Again, more sophisticated iterations of field theory offer additional angles, especially in relation to decision-making and action, but the steps above are sufficient for analyzing a particular blockchain network as a field. An important benefit of a field-theoretic perspective is that it lends itself easily to both historical and comparative studies on how different networks evolve and are governed. As decentralized networks grow and mature, such comparative research will become increasingly helpful in designing the most socially beneficial networks and governance systems.


One of the most important determinant of social structure in any field of human activity is the distribution of power and economic resources.
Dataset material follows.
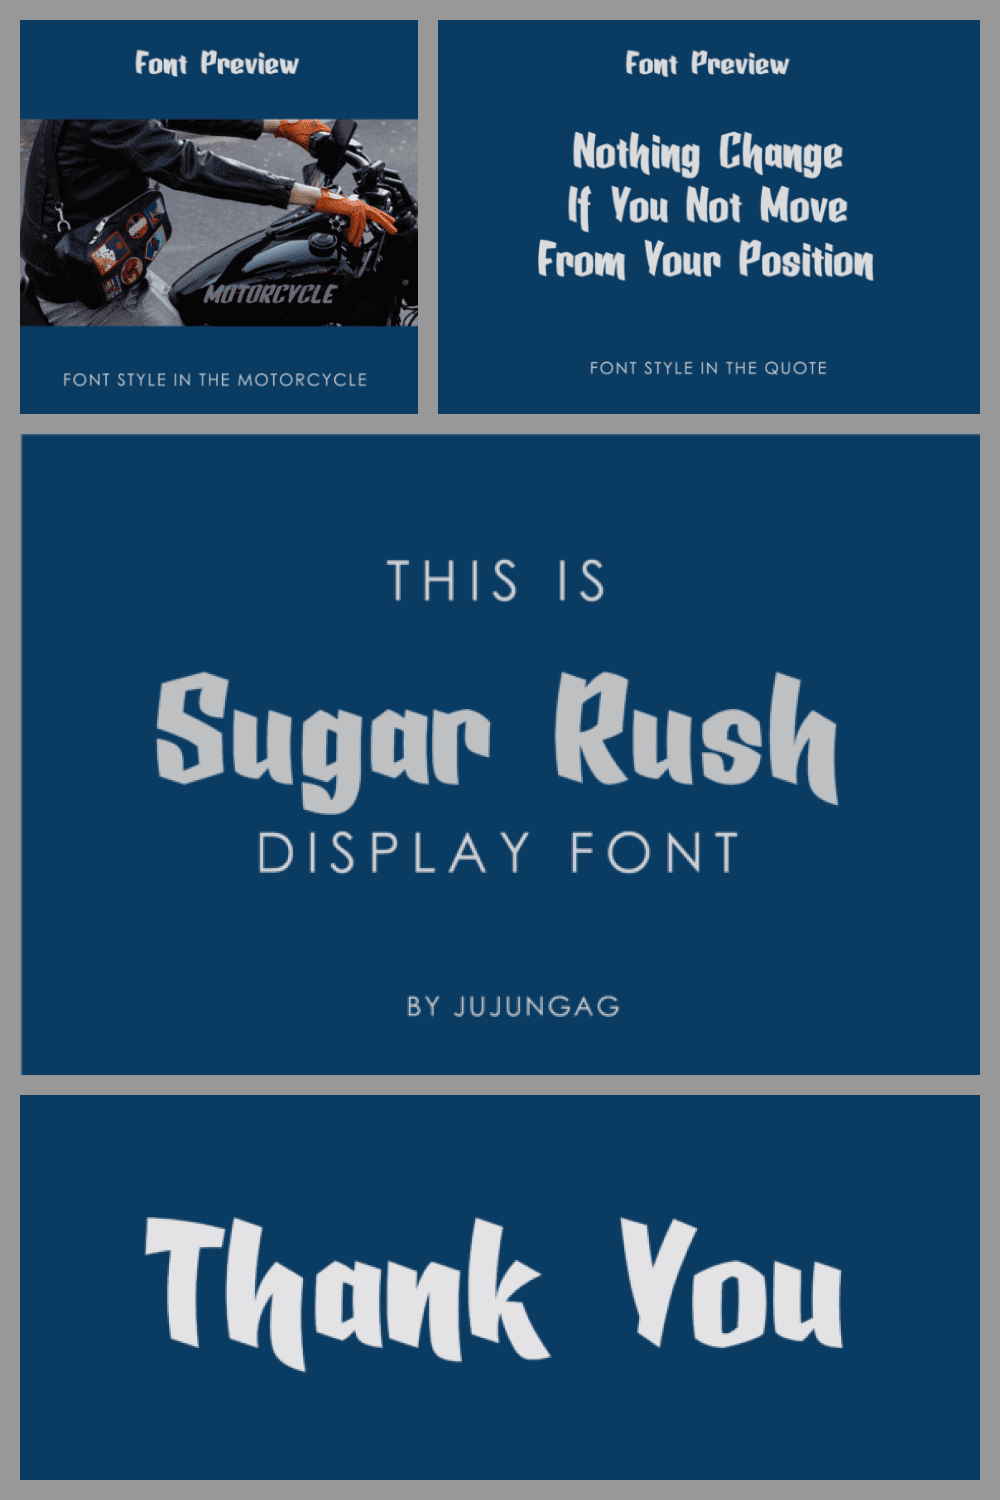 Sugar Rush Display Font - MasterBundles - Pinterest Collage Image.
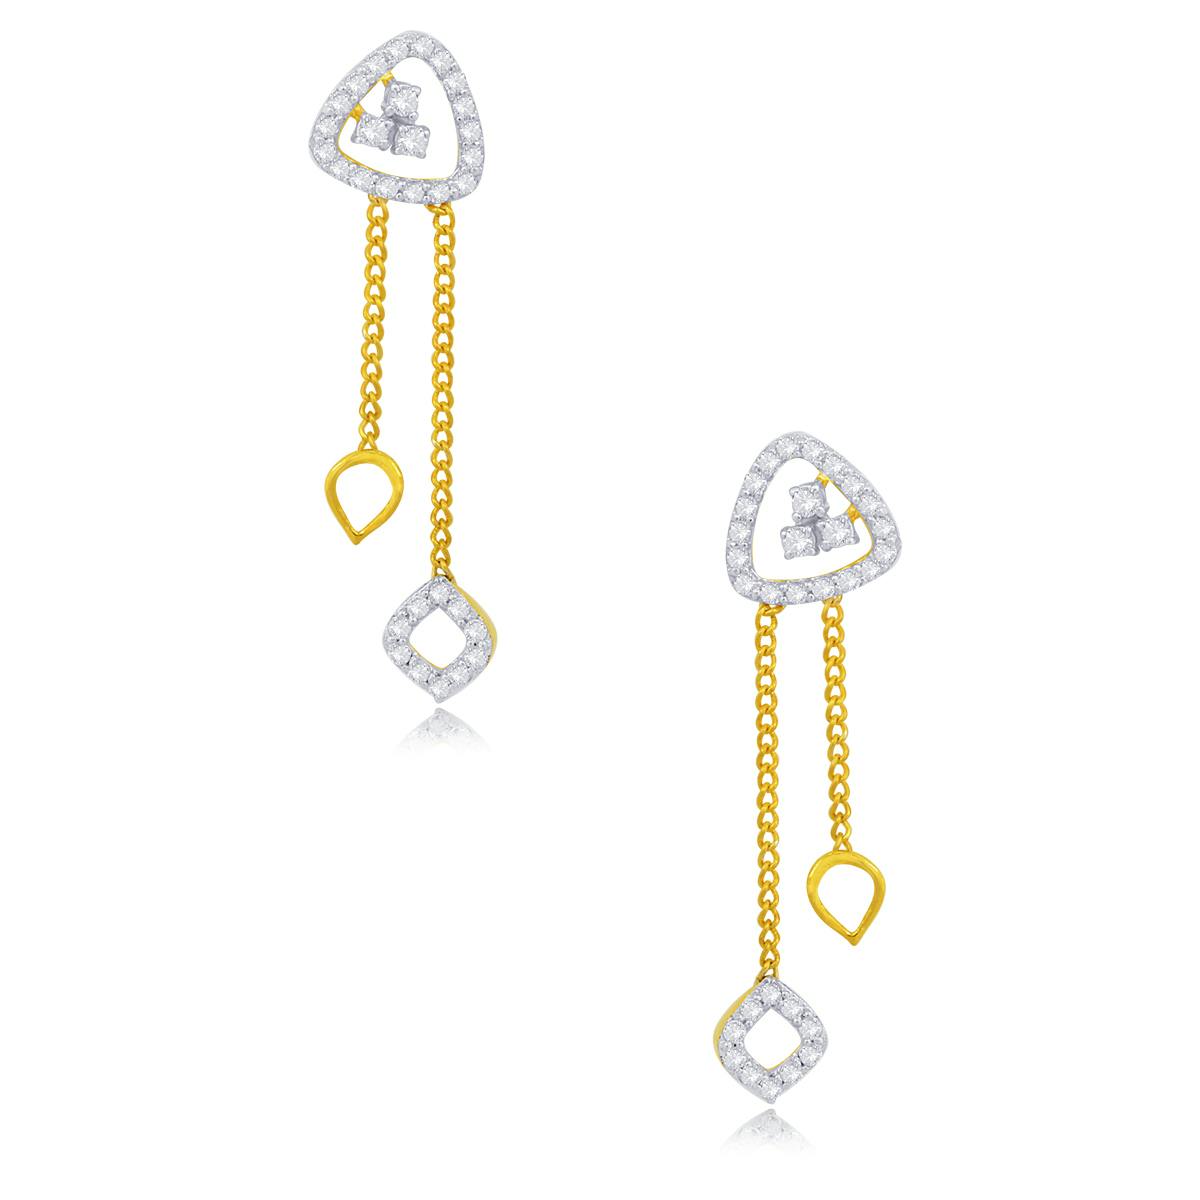 Celestial Splendour diamond earrings

Time will tell whether the unique characteristics of public blockchain networks, as compared to more traditional forms of organization, are sufficient to avoid the age-old tendency towards concentration. Field theory, as a general theory of local social orders, can be used to frame and analyze these dynamics, ideally resulting in more thoughtful network design and governance.

Further reading on field theory

Below is a list of references — some of which were used as source material for this post — for anyone interested to learn more about field theory.

  • General overview: Martin, J. L. (2003). What is Field Theory? American Journal of Sociology, Vol. 109, No. 1, pp. 1–49.
  • Early social-psychological perspective: Lewin, K. (1951). Field theory in social science. New York: Harper.
  • Organizational theory perspective: DiMaggio, P. & Powell, W. (1983). The iron cage revisited: Institutional isomorphism and collective rationality in organizational fields. American Sociological Review, Vol. 48, No. 2, pp. 147–160.
  • Social skill and action perspective: Fligstein, N. (2001). Social Skill and the Theory of Fields. Sociological Theory, Vol. 19, No. 2, pp. 105–125.
  • Stratification and power struggles perspective: Hilgers, M. & Mangez, E. (2015). Bourdieu’s Theory of Social Fields: Concepts and Applications. London and New York: Routledge.